DATA TO USE
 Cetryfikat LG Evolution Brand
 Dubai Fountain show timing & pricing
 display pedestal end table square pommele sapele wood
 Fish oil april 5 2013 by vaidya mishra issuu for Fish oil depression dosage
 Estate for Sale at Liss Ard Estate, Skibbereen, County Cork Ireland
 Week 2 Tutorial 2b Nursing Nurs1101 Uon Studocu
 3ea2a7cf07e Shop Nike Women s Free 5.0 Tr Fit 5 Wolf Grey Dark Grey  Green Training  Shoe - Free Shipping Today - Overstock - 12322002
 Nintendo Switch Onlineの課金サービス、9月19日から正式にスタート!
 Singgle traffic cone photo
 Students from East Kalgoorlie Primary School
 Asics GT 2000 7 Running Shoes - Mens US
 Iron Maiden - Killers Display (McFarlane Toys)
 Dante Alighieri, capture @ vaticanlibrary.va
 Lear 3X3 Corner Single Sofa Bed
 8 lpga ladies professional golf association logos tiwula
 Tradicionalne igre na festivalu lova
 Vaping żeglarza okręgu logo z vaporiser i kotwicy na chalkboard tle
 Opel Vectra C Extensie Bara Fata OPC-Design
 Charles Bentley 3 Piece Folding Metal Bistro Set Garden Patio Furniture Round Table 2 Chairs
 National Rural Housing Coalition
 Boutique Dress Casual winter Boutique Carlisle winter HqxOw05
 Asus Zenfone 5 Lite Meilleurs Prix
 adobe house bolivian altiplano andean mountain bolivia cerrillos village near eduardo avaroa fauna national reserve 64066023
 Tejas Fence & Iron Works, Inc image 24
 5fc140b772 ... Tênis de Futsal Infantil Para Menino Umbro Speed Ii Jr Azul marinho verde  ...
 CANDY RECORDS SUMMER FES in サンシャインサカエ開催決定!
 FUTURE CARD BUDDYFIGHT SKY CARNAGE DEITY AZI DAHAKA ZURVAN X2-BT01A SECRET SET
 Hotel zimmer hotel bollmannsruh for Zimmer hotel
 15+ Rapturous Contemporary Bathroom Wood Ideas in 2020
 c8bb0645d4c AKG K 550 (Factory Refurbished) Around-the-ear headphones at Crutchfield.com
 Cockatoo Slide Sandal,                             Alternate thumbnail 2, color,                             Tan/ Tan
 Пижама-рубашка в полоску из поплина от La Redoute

YOUR TASK
Would you print exactly, and only, the lines of the data above from the line with "Dubai Fountain show timing & pricing" through the line with "Asus Zenfone 5 Lite Meilleurs Prix", inclusive?

EXERCISE RESULT
 Dubai Fountain show timing & pricing
 display pedestal end table square pommele sapele wood
 Fish oil april 5 2013 by vaidya mishra issuu for Fish oil depression dosage
 Estate for Sale at Liss Ard Estate, Skibbereen, County Cork Ireland
 Week 2 Tutorial 2b Nursing Nurs1101 Uon Studocu
 3ea2a7cf07e Shop Nike Women s Free 5.0 Tr Fit 5 Wolf Grey Dark Grey  Green Training  Shoe - Free Shipping Today - Overstock - 12322002
 Nintendo Switch Onlineの課金サービス、9月19日から正式にスタート!
 Singgle traffic cone photo
 Students from East Kalgoorlie Primary School
 Asics GT 2000 7 Running Shoes - Mens US
 Iron Maiden - Killers Display (McFarlane Toys)
 Dante Alighieri, capture @ vaticanlibrary.va
 Lear 3X3 Corner Single Sofa Bed
 8 lpga ladies professional golf association logos tiwula
 Tradicionalne igre na festivalu lova
 Vaping żeglarza okręgu logo z vaporiser i kotwicy na chalkboard tle
 Opel Vectra C Extensie Bara Fata OPC-Design
 Charles Bentley 3 Piece Folding Metal Bistro Set Garden Patio Furniture Round Table 2 Chairs
 National Rural Housing Coalition
 Boutique Dress Casual winter Boutique Carlisle winter HqxOw05
 Asus Zenfone 5 Lite Meilleurs Prix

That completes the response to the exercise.